Sanju has been brave since the beginning. She was born prematurely in 2006 and spent days in the NICU. During that time doctors observed Tonic-Clonic seizures and started her on medication. Afterward, the family was in and out of hospitals to trial different medications. Initially the team thought that Sanju’s prematurity was

causing the seizures and developmental delays, but later her brother Abhi, a full-term baby, defied that belief by having seizures immediately after birth as well.

After extensive studies in metabolic, genetic, and neurological areas by multiple hospitals in North America, Sanju’s family qualified for the National Institutes of Health Undiagnosed Disease Program (NIH UDP). In March of 2014, Sanju was diagnosed with a genetic variant called SLC13A5.

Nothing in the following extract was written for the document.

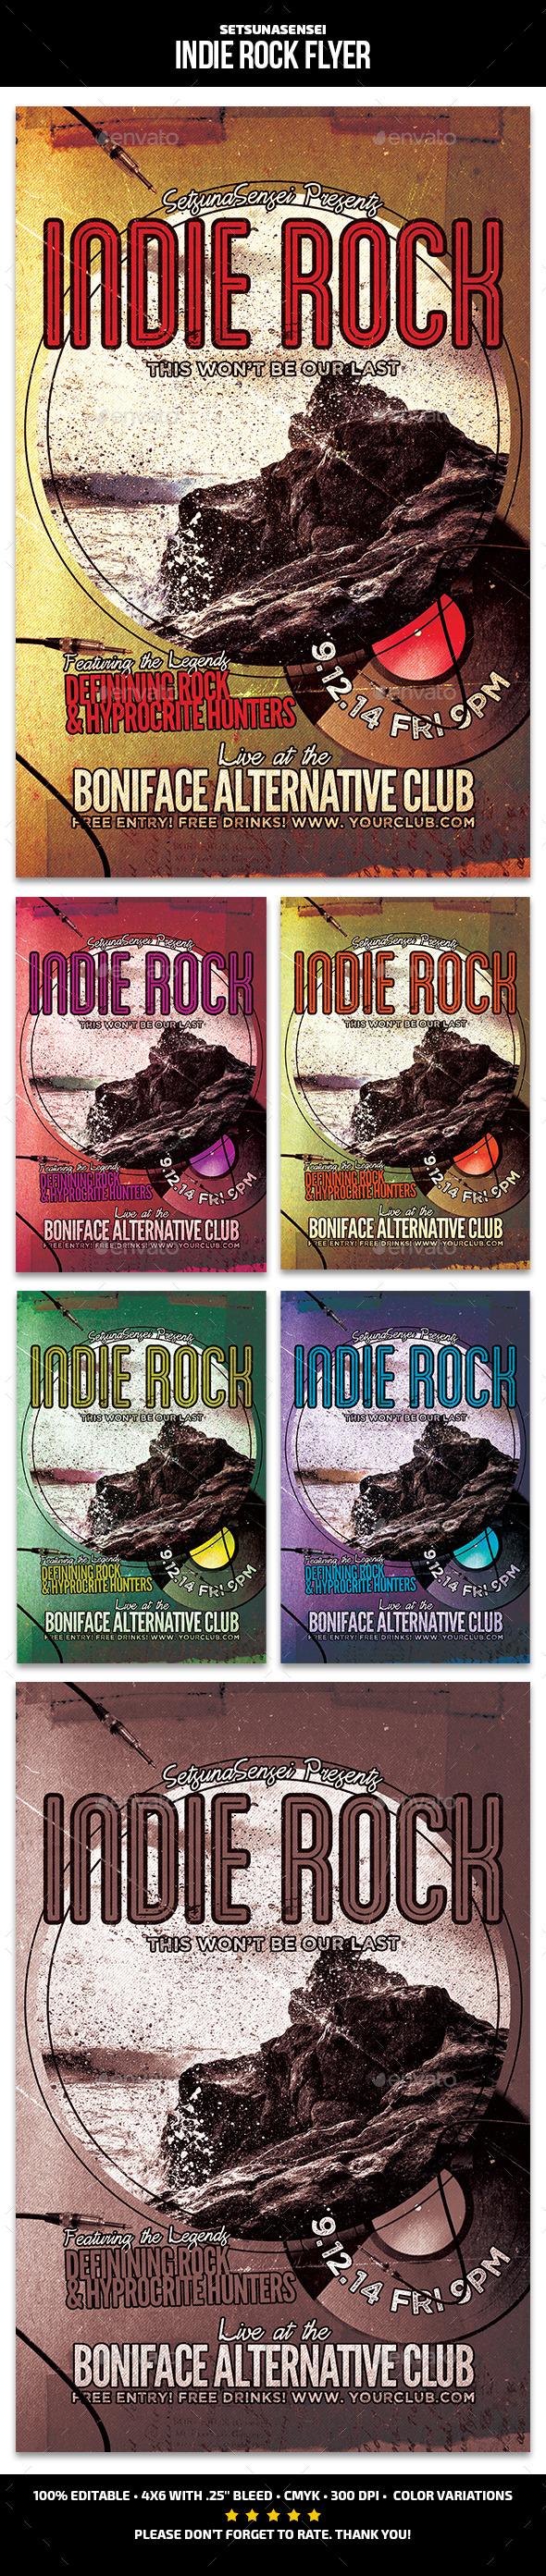 GraphicRiver Indie Rock Flyer 10930050

Sanju and her brother Abhi require multiple medications each day, therapies, and frequent hospitalizations. Their family experienced both Sanju and her brother seizing at once and needed to call EMS on numerous occasions. Despite experiencing crisis after crisis, their family remains resilient and determined to find answers and make connections.

While she is nonverbal, Sanju is very social and enjoys forming new relationships. She uses an iPad program (proloquo 2 go) to communicate. She is observant and enjoys watching kids play games on their iPads. She is a huge fan of field trips and parties, and appreciates spending time around others.